1 Preheat the oven to 400° F. Tuck the small end of the tenderloin underneath to create even thickness. Cut each tenderloin into 6 medallions.

2 Rub the cut sides of each medallion with crushed peppercorns and salt. Wrap half a slice of bacon around each medallion; secure with butcher’s twine.

3 Heat the oil in a medium skillet over medium-high heat. Brown the medallions on all sides for 10 minutes or until golden.

4 Transfer to a baking sheet. Reserve the skillet.

5 Roast the medallions for 8 to 10 minutes or until an instant-read thermometer registers 145° F when inserted into the center of the pork and bacon is crisp.

6 Remove the twine from each medallion. Meanwhile, set the reserved skillet over medium heat. Add the shallot and rosemary. Cook, stirring constantly, for 2 minutes or until softened.

7 Pour in the red wine; simmer for 3 minutes or until reduced by half.

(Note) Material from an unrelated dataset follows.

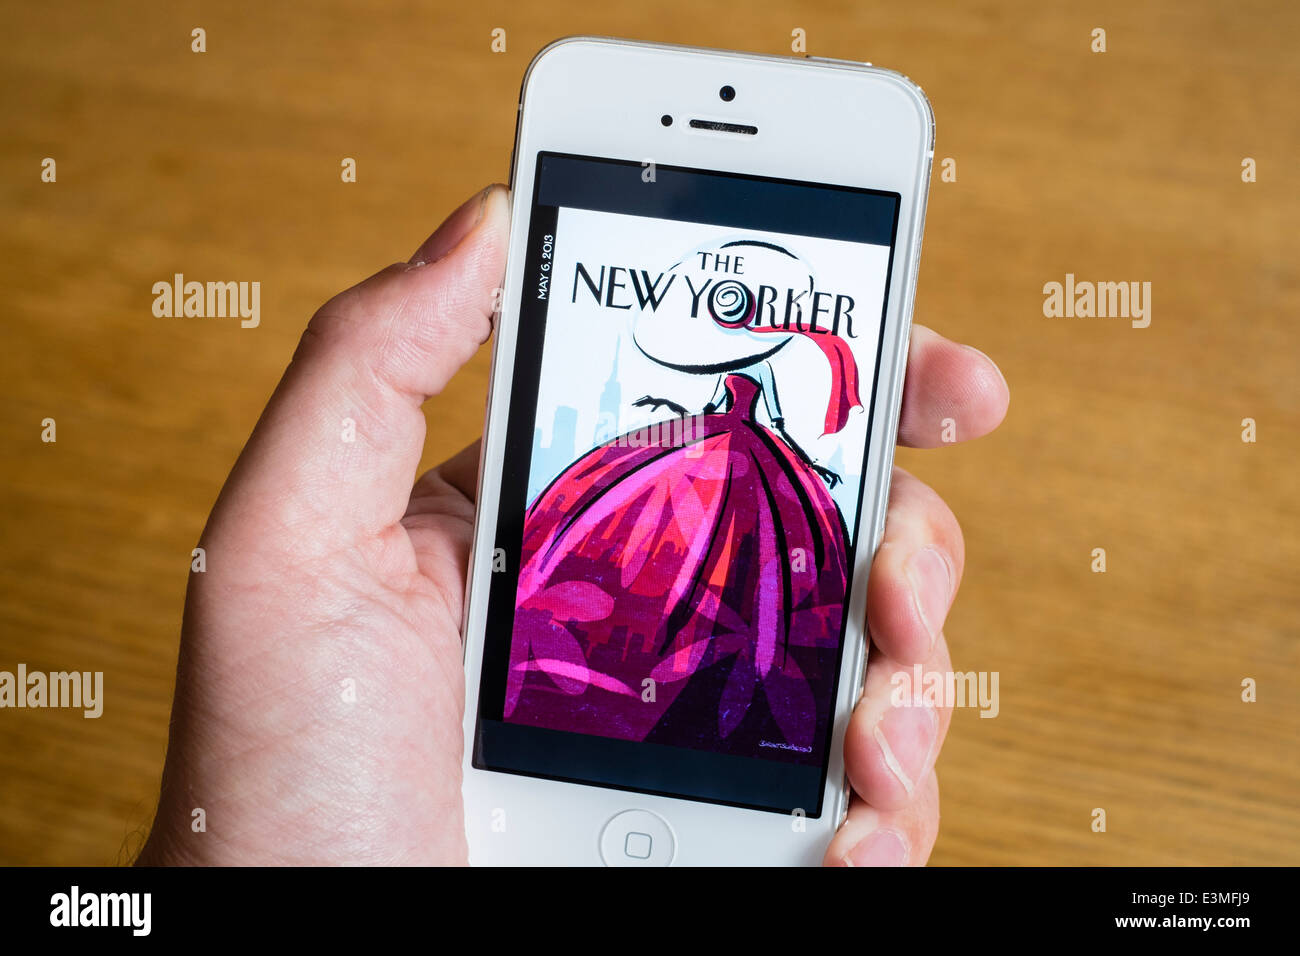 Detail des New Yorker mobile Online-app auf iPhone Smartphone Stockbild
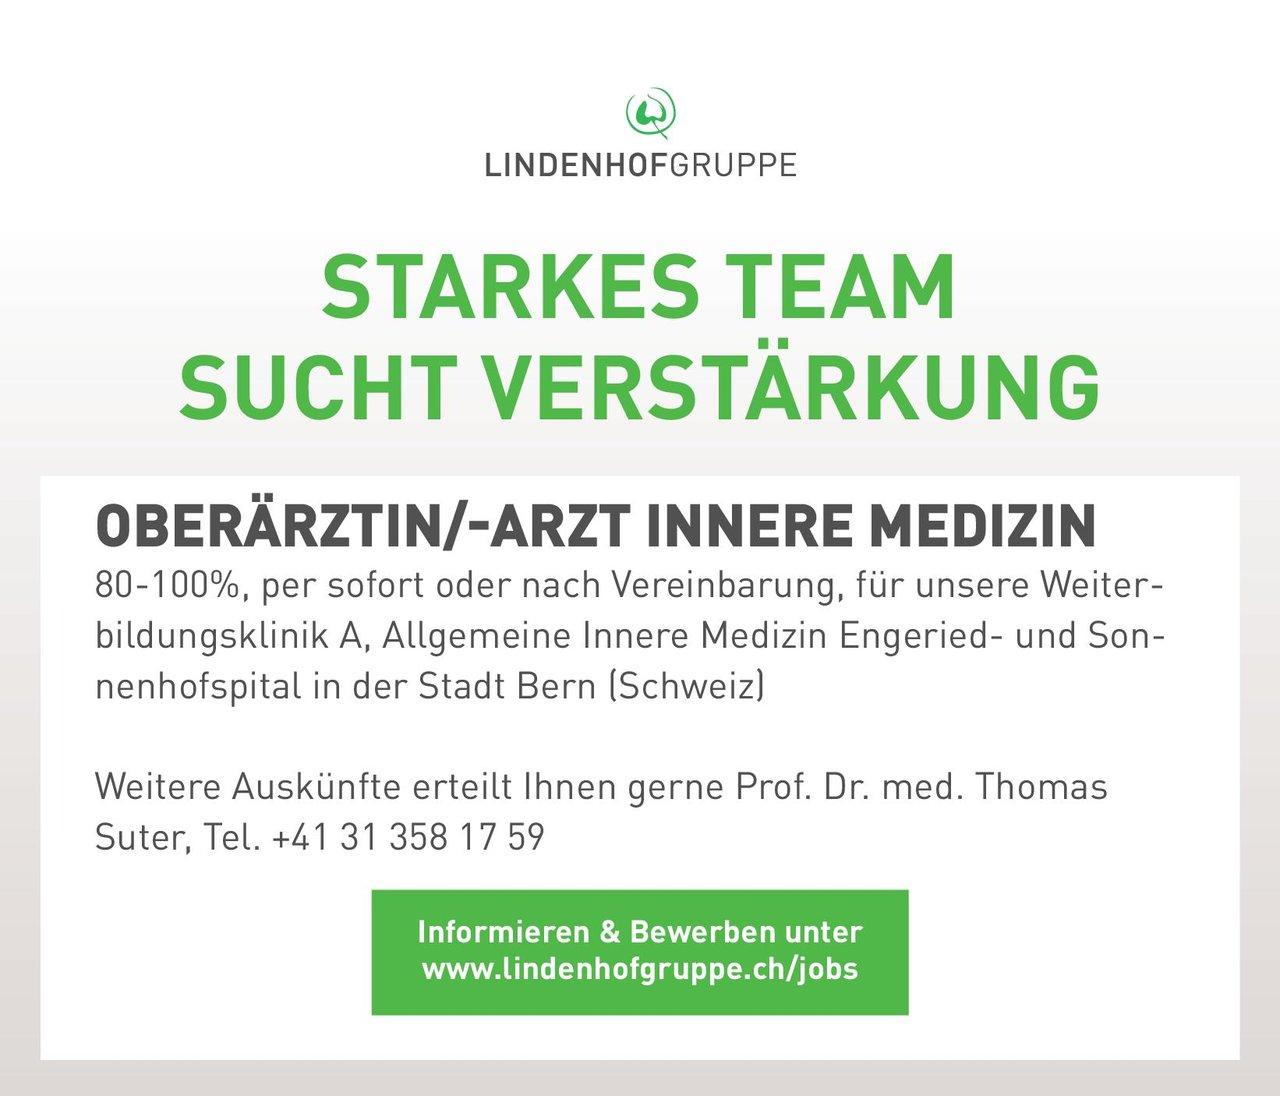 Lindenhofgruppe Oberärztin/-arzt Innere Medizin  Innere Medizin, Innere Medizin Oberarzt

8 Stir in the broth; bring to a boil. Simmer for 10 minutes or until reduced by half.

9 Remove from heat; whisk in the butter, one cube at a time.

10 Place 2 medallions on each plate and top with sauce.

Serve with mashed sweet potato and your favorite green vegetable. Use a heavy-bottom saucepan or a mortar and pestle to crush the peppercorns. Assemble the medallions up to a day in advance and prepare the dish just before serving.